Beginning in 2019, the exemption would be indexed for inflation, and equal to the federal exclusion.
Long-Term Care Premium Deductibility Limits for 2016
The Internal Revenue Service has announced the 2016 limitations on the deductibility of long-term care insurance premiums from taxes.
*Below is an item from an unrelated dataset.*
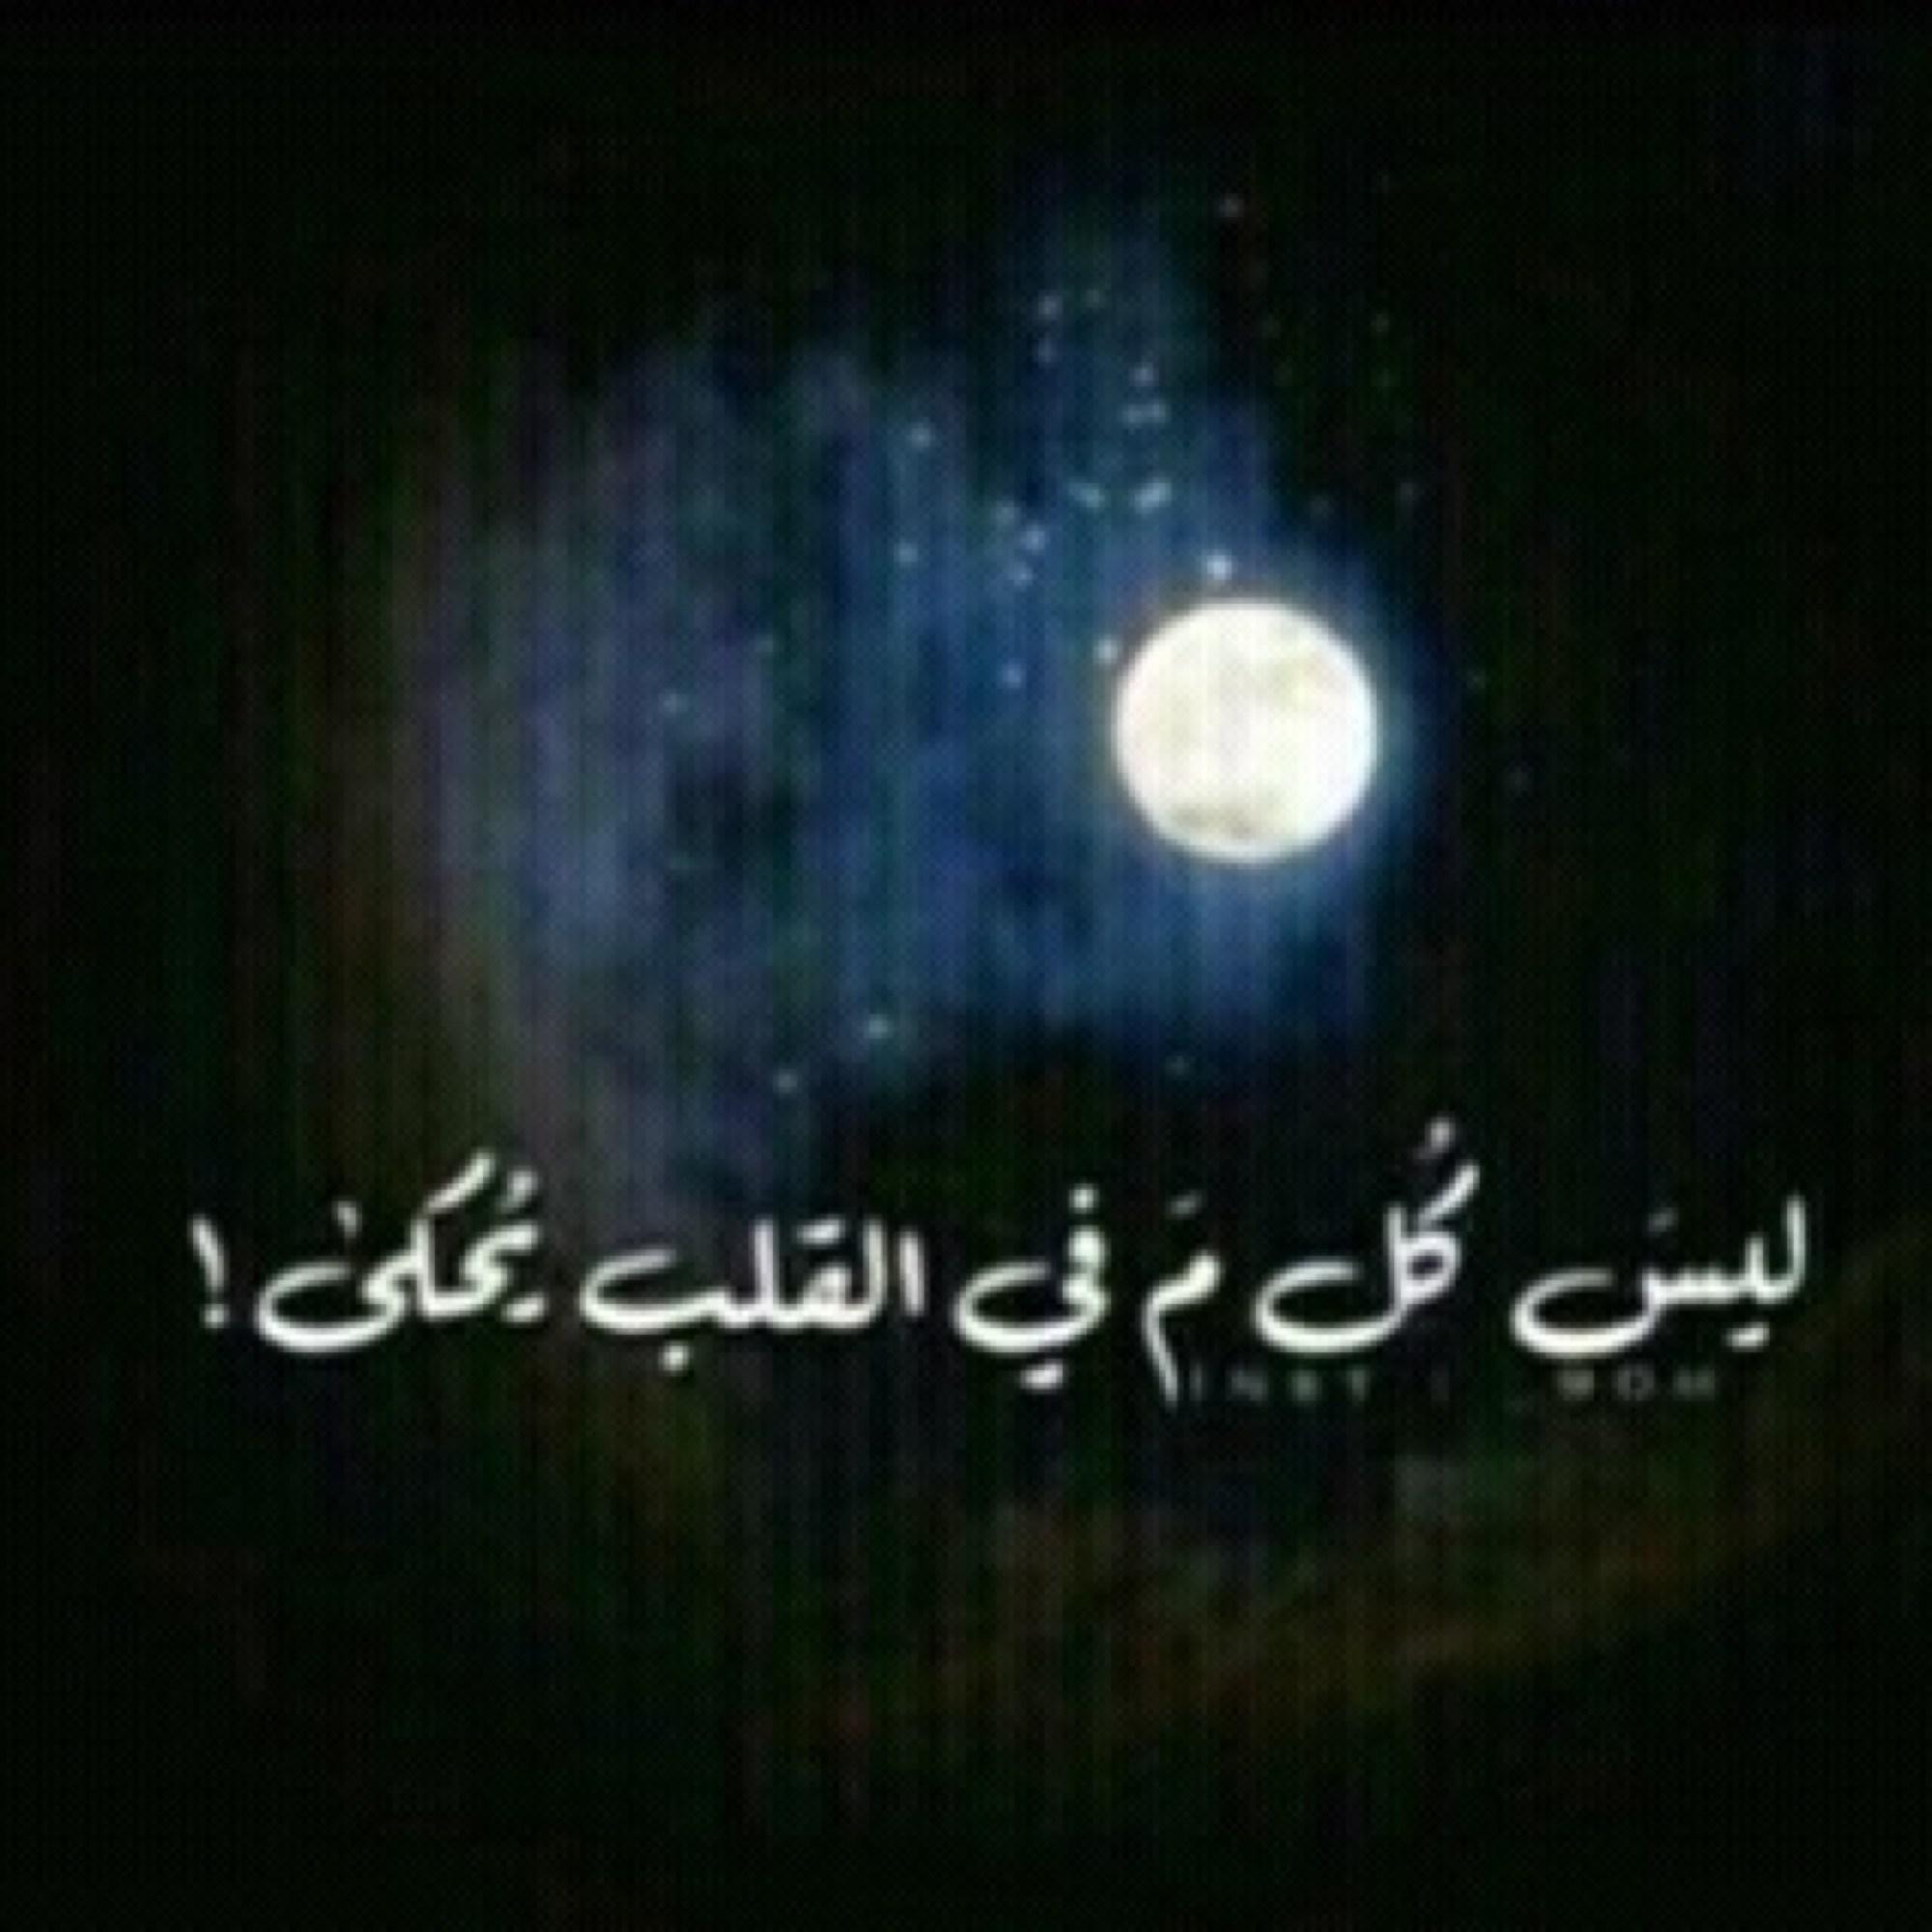 Masooma_alsayed's Cover Photo

Any premium amounts above these limits are not considered to be a medical expense.
|Attained age before the close of the taxable year||Maximum deduction|
|40 or less||$390|
|More than 40 but not more than 50||$730|
|More than 50 but not more than 60||$1,460|
|More than 60 but not more than 70||$3,900|
|More than 70||$4,870|
Benefits from per diem or indemnity policies, which pay a predetermined amount each day, are not included in income except amounts that exceed the beneficiary’s total qualified long-term care expenses or $340 per day (for 2016), whichever is greater.
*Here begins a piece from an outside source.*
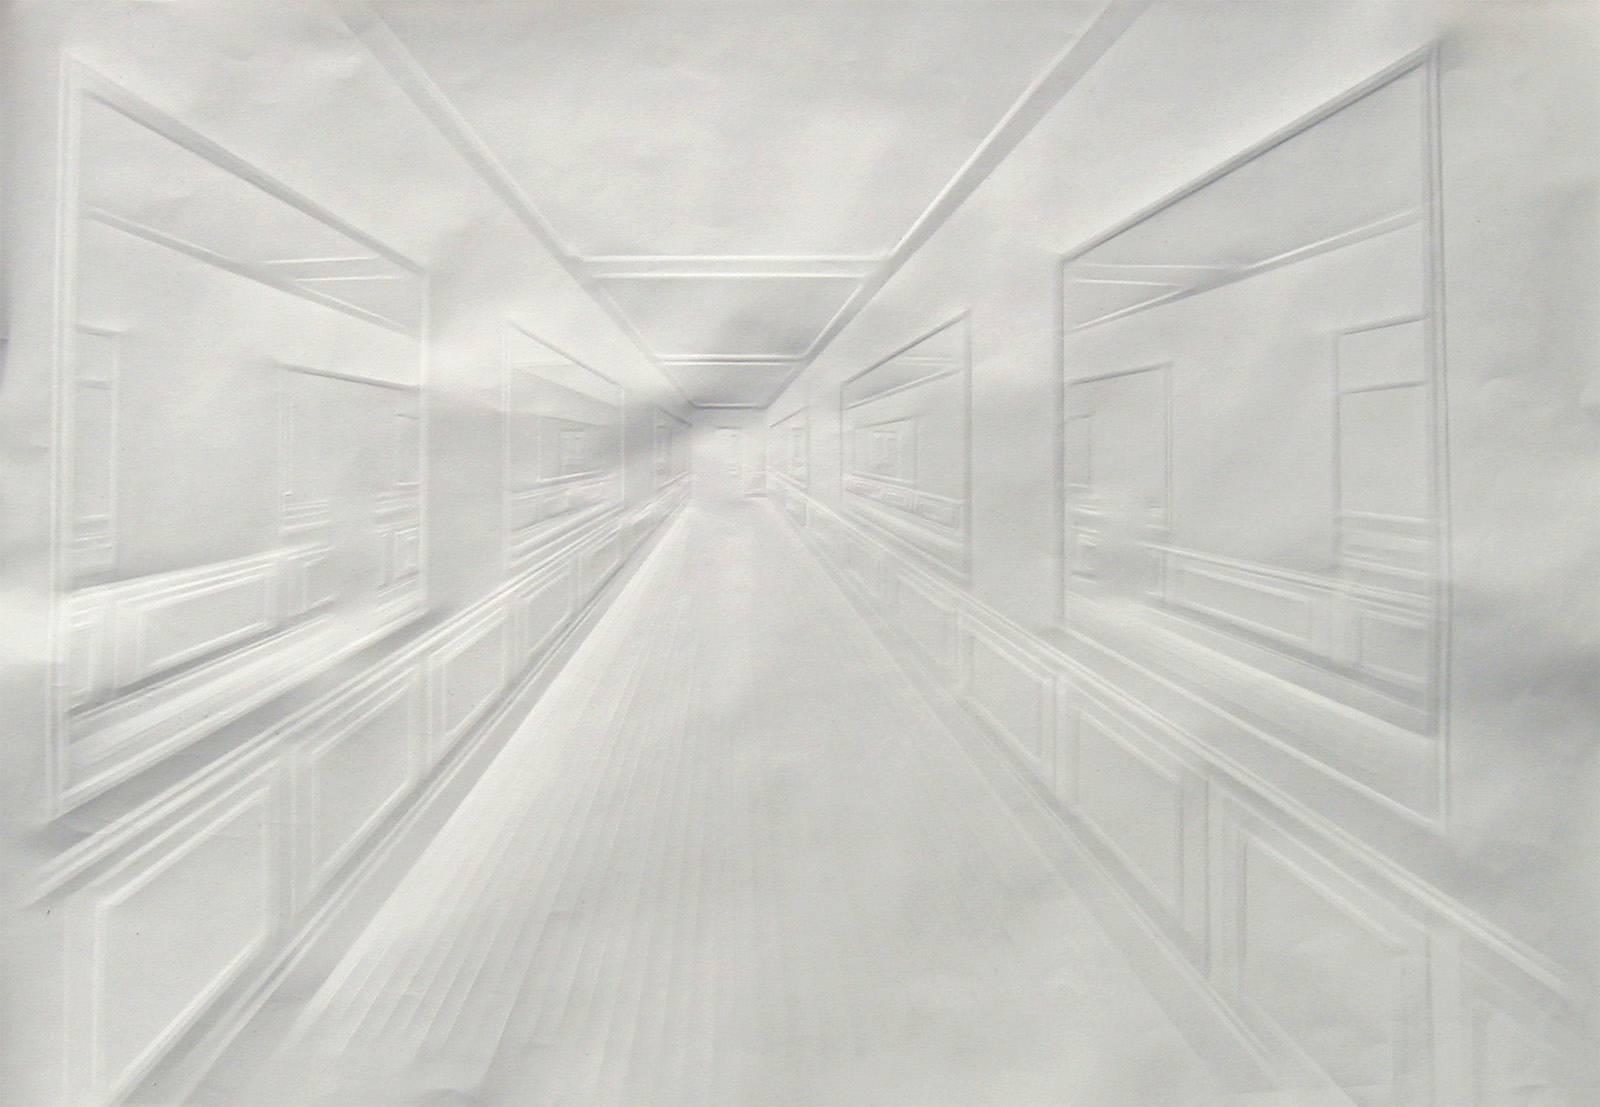 Simon Schubert - o.T., 50 cm x 75 cm, 2007

Medicare Premiums, Deductibles and Copayments for 2016
- Part B premium: $104.90/month (unchanged)
- Part B deductible: $147 (unchanged)
- Part A deductible: $1,288 (was $1,260)
- Co-payment for hospital stay days 61-90: $322/day (was $315)
- Co-payment for hospital stay days 91 and beyond: $644/day (was $630)
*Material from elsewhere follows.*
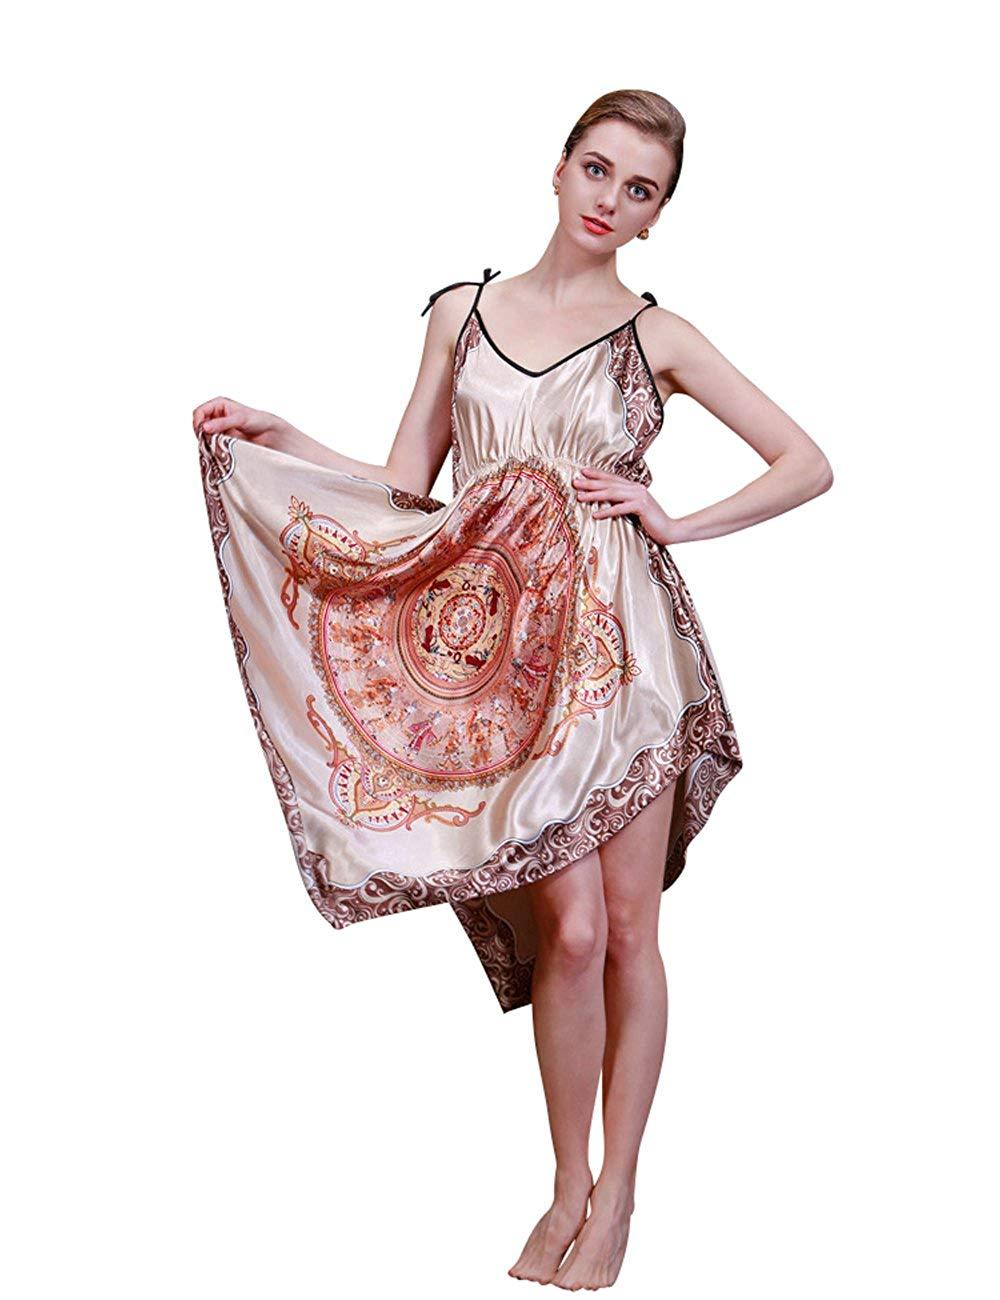 031970ddee Get Quotations · MOKAYA Women s Sleepwear Sleep Shirt Satin Nightgowns  Chemises Nightshirts Slip Dress

- Skilled nursing facility co-payment, days 21-100: $161/day (was $157.50)
Premiums for higher-income beneficiaries:
- Individuals with annual incomes between $85,000 and $107,000 and married couples with annual incomes between $170,000 and $214,000 will pay a monthly premium of $170.50 (was $146.90).
- Individuals with annual incomes between $107,000 and $160,000 and married couples with annual incomes between $214,000 and $320,000 will pay a monthly premium of $243.60 (was $209.80).
- Individuals with annual incomes between $160,000 and $214,000 and married couples with annual incomes between $320,000 and $428,000 will pay a monthly premium of $316.70 (was $272.70).
- Individuals with annual incomes of $214,000 or more and married couples with annual incomes of $428,000 or more will pay a monthly premium of $389.80 (was $335.70).
Rates differ for beneficiaries who are married but file a separate tax return from their spouse:
- Those with incomes between $85,000 and $129,000 will pay a monthly premium of $316.70 (was $272.70).
- Those with incomes greater than $129,000 will pay a monthly premium of $389.80 (was $335.70).
Changes in Social Security Benefits for 2016
Cost-of-Living Adjustment (COLA):
Monthly Social Security and Supplemental Security Income (SSI) benefits will not automatically increase in 2016 as there was no increase in the Consumer Price Index (CPI-W) from the third quarter of 2014 to the third quarter of 2015.
Maximum Taxable Earnings:
Social Security (OASDI only) 7.65% Limit of $118,500 Medicare 1.45% No Limit Quarter of Coverage: $1,220
Retirement Earnings Exempt Amounts:
Under full retirement age: $15,720/yr.($1,310/mo.)
NOTE: One dollar in benefits will be withheld for every $2 in earnings above the limit.
The year an individual attains full retirement age: $41,880/yr. ($3,490/mo.)
NOTE: Applies only to earnings for months prior to attaining full retirement age. One dollar in benefits will be withheld for every $3 in earnings above the limit.
NOTE: There is no limit on earnings beginning the month an individual attains full retirement age.
Social Security Disability Thresholds:
Substantial Gainful Activity (SGA): Non-Blind: $1,090/mo. Blind : $1,820/mo.
Trial Work Period: $780/mo.
Maximum Social Security Benefit for a Worker Retiring at Full Retirement Age: $2,663/mo.
SSI Federal Payment Standard: Individual: $733/mo. Couple: $1,100/mo.